§ WHAT TO WORK ON:
From the first line through the line containing "Photo of Cactus", transcribe the records exactly and include no other lines.

─── DATA TO USE

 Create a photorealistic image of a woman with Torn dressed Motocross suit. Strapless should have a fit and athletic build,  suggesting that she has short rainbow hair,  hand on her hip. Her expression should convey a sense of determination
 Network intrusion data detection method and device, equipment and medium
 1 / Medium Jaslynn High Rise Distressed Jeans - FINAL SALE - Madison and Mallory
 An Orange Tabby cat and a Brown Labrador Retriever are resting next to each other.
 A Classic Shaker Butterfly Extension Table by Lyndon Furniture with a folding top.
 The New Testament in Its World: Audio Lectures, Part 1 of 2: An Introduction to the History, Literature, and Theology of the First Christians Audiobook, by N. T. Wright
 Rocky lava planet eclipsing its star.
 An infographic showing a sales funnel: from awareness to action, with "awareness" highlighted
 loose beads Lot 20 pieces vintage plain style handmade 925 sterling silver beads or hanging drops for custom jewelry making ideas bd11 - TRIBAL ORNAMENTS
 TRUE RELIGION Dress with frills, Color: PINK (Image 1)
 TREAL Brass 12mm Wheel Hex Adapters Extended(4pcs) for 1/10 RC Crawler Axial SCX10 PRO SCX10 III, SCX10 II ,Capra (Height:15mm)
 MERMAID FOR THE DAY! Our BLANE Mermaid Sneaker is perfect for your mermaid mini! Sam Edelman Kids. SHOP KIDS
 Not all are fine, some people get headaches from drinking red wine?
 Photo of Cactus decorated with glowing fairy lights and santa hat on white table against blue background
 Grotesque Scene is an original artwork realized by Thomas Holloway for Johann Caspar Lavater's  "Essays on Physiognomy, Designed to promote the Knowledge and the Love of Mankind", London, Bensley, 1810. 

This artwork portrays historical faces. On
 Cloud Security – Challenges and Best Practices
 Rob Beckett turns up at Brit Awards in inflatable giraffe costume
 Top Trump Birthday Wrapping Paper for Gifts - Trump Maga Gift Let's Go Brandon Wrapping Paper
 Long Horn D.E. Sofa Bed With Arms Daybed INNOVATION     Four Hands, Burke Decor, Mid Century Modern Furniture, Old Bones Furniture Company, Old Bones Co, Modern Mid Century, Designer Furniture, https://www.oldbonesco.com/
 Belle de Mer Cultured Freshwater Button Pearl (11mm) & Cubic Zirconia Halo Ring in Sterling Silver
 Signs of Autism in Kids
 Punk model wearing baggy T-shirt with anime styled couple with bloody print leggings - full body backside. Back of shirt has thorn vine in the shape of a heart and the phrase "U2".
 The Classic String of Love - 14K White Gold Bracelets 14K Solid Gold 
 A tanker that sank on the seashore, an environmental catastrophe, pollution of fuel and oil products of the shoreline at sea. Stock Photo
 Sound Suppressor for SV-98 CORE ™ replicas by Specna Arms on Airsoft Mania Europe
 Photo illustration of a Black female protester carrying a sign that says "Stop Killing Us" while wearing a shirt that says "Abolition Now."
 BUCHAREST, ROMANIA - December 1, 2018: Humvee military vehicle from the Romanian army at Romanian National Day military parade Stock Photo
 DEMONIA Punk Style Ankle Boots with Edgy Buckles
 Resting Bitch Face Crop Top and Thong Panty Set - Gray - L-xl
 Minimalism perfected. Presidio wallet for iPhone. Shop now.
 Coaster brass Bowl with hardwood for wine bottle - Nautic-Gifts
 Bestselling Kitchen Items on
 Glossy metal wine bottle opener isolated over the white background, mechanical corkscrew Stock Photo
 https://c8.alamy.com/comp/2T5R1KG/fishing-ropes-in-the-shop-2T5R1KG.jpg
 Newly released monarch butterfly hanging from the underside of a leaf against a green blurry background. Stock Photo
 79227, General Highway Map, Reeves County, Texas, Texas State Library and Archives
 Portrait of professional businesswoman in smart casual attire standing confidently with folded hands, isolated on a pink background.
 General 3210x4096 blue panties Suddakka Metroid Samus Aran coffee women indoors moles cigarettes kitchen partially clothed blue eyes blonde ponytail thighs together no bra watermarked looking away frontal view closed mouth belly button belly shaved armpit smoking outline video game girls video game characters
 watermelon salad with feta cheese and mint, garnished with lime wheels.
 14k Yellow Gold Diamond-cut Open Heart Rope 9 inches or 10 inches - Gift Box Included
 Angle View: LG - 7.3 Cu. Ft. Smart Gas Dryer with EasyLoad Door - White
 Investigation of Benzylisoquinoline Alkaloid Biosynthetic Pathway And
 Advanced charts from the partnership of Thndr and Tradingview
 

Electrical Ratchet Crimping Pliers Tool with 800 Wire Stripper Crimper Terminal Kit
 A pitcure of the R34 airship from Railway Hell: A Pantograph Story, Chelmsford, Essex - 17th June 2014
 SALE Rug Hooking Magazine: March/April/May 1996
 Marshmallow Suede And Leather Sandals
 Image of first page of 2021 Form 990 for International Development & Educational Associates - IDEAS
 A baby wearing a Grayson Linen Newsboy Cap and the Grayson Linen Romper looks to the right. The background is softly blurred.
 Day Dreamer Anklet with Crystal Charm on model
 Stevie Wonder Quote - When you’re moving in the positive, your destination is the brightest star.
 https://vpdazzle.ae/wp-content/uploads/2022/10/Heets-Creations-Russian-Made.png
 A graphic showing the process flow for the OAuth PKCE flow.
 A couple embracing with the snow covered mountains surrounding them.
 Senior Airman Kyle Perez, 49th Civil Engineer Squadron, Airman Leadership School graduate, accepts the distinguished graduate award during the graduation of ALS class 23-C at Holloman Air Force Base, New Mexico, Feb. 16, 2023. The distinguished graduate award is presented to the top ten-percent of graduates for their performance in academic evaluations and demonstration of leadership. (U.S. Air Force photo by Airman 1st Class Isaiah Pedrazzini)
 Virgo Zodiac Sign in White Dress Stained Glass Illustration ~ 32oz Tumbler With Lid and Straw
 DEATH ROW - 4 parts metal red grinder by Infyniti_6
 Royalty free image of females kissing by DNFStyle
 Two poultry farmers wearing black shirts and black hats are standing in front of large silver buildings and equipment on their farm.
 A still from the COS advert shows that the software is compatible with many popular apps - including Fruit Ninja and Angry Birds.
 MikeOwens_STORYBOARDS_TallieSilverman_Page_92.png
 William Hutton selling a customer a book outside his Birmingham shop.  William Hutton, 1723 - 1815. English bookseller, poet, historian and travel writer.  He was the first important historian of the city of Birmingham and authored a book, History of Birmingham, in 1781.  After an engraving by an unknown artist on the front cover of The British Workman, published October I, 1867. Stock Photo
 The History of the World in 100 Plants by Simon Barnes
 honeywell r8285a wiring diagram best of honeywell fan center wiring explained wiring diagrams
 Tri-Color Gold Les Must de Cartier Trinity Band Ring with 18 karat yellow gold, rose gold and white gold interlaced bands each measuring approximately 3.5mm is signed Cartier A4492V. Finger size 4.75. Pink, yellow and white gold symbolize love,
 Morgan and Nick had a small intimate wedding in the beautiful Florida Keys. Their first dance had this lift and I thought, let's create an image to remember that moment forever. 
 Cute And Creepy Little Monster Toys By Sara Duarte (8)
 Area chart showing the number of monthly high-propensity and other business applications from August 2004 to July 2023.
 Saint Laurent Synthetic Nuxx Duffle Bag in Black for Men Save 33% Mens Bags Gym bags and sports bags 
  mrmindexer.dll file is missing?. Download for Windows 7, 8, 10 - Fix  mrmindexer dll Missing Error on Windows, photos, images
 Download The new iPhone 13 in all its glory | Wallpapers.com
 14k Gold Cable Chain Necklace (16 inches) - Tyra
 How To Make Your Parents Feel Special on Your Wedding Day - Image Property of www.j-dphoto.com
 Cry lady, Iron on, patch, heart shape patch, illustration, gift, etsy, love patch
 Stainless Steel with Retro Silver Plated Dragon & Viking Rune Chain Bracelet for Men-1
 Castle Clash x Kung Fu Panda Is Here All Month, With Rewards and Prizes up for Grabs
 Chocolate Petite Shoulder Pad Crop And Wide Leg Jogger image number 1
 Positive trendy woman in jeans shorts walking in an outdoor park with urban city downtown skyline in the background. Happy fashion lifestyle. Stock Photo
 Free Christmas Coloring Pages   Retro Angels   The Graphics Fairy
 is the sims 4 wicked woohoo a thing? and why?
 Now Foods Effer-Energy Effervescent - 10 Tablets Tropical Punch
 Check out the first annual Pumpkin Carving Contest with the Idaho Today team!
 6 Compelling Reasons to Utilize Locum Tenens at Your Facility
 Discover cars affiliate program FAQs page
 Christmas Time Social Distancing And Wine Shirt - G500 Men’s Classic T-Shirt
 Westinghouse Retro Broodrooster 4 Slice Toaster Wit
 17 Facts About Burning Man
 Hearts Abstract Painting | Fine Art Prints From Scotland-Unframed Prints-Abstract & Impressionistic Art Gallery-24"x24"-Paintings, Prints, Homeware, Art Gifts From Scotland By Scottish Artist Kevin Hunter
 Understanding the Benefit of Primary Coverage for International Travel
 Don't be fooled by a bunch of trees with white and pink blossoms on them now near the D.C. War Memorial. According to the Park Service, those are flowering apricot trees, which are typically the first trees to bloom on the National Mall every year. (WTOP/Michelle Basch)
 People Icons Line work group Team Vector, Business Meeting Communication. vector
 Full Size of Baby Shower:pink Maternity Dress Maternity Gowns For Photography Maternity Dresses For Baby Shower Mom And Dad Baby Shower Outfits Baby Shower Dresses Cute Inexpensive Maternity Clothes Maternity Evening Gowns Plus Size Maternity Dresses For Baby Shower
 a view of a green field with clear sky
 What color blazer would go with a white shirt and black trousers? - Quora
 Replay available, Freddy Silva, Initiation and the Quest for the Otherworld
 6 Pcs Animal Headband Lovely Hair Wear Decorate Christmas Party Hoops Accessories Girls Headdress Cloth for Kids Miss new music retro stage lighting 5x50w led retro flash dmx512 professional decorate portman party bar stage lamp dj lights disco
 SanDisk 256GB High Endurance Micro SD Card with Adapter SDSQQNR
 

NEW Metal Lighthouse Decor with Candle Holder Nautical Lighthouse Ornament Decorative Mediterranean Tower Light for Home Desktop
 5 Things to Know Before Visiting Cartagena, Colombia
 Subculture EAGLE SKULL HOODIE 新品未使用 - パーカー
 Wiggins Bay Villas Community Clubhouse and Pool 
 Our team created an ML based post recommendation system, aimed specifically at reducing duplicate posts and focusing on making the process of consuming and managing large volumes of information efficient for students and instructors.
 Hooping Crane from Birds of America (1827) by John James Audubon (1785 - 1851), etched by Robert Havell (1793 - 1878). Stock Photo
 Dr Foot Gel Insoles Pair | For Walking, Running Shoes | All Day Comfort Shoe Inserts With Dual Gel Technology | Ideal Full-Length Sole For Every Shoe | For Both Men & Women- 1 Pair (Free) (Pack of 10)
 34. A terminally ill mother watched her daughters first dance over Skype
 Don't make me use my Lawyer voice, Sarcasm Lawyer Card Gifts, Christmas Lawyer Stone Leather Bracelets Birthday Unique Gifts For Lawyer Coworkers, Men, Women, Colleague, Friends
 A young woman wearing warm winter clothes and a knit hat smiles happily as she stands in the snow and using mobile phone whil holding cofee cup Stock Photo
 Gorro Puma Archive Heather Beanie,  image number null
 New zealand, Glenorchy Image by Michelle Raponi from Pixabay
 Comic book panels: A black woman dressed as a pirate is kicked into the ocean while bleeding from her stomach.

──────

§ SOLUTION TO THIS TASK:
 Create a photorealistic image of a woman with Torn dressed Motocross suit. Strapless should have a fit and athletic build,  suggesting that she has short rainbow hair,  hand on her hip. Her expression should convey a sense of determination
 Network intrusion data detection method and device, equipment and medium
 1 / Medium Jaslynn High Rise Distressed Jeans - FINAL SALE - Madison and Mallory
 An Orange Tabby cat and a Brown Labrador Retriever are resting next to each other.
 A Classic Shaker Butterfly Extension Table by Lyndon Furniture with a folding top.
 The New Testament in Its World: Audio Lectures, Part 1 of 2: An Introduction to the History, Literature, and Theology of the First Christians Audiobook, by N. T. Wright
 Rocky lava planet eclipsing its star.
 An infographic showing a sales funnel: from awareness to action, with "awareness" highlighted
 loose beads Lot 20 pieces vintage plain style handmade 925 sterling silver beads or hanging drops for custom jewelry making ideas bd11 - TRIBAL ORNAMENTS
 TRUE RELIGION Dress with frills, Color: PINK (Image 1)
 TREAL Brass 12mm Wheel Hex Adapters Extended(4pcs) for 1/10 RC Crawler Axial SCX10 PRO SCX10 III, SCX10 II ,Capra (Height:15mm)
 MERMAID FOR THE DAY! Our BLANE Mermaid Sneaker is perfect for your mermaid mini! Sam Edelman Kids. SHOP KIDS
 Not all are fine, some people get headaches from drinking red wine?
 Photo of Cactus decorated with glowing fairy lights and santa hat on white table against blue background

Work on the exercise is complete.